The "no gc" crowd

Jonathan M Davis jmdavisProg at gmx.com
Thu Oct 10 00:24:28 PDT 2013


On Thursday, October 10, 2013 08:38:31 Jacob Carlborg wrote:
> On 2013-10-10 05:55, Jonathan M Davis wrote:
> > That depends. It works with objects I think (for both shared and
> > immutable), but you definitely have to cast to immutable if you want an
> > immutable array or AA.
> > 
> > Also, casting _away_ shared is going to be a very common operation due to
> > how shared works. In order to use shared, you basically have to protect
> > the variable with a mutex or synchronized block, cast away shared, and
> > then use it as thread-local for whatever you're doing until you release
> > the lock (in which case, you have to be sure that there are no more
> > thread-local references to the shared object). As such, while it might be
> > possible to construct stuff directly as shared, it's going to have to be
> > cast to thread-local just to use it in any meaningful way. So, at this
> > point, I don't think that it even vaguely flies to try and make it so
> > that casting away shared is something that isn't typically done. It's
> > going to be done about as often as shared is used for anything other than
> > very basic stuff.
> 
> What's the reason for casting away "shared", is it to pass it to a
> function that doesn't accept "shared"? The it should be safe if you
> synchronize around the call? But that function could put away, the now ,
> unshared data, which is actually shared and cause problem?
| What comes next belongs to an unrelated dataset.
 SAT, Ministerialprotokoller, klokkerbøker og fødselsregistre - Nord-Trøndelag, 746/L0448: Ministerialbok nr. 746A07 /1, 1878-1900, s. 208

Pretty much nothing accepts shared. At best, templated functions accept 
shared. Certainly, shared doesn't work at all with classes and structs unless 
the type is specifically intended to be used as shared, because you have to 
mark all of its member functions shared to be able to call them. And if you 
want to use that class or struct as both shared and unshared, you have to 
duplicate all of its member functions.

That being the case, the only way in general to use a shared object is to 
protect it with a lock, cast it to thread-local (so that it can actually use 
its member functions or be passed to other functions to be used), and then use 
it. e.g.

synchronized
{
     auto tl = cast(T)mySharedT;
     auto result = tl.foo();
     auto result2 = bar(tl);
}

Obviously, you then have to make sure that there are no thread-local 
references to the shared object when the lock is released, but without casting 
away shared like that, you can't do much of anything with it. So, similar to 
when you cast away const, it's up to you to guarantee that the code doesn't 
violate the type system's guarantees - i.e. that a thread-local variable is 
not accessed by multiple threads. So, you use a lock of some kind to protect 
the shared variable while it's treated as a thread-local variable in order to 
ensure that that guarantee holds. Like with casting away const or with 
@trusted, there's obviously risk in doing this, but there's really no other 
way to use shared at this point - certainly not without it being incredibly 
invasive to your code and forcing code duplication.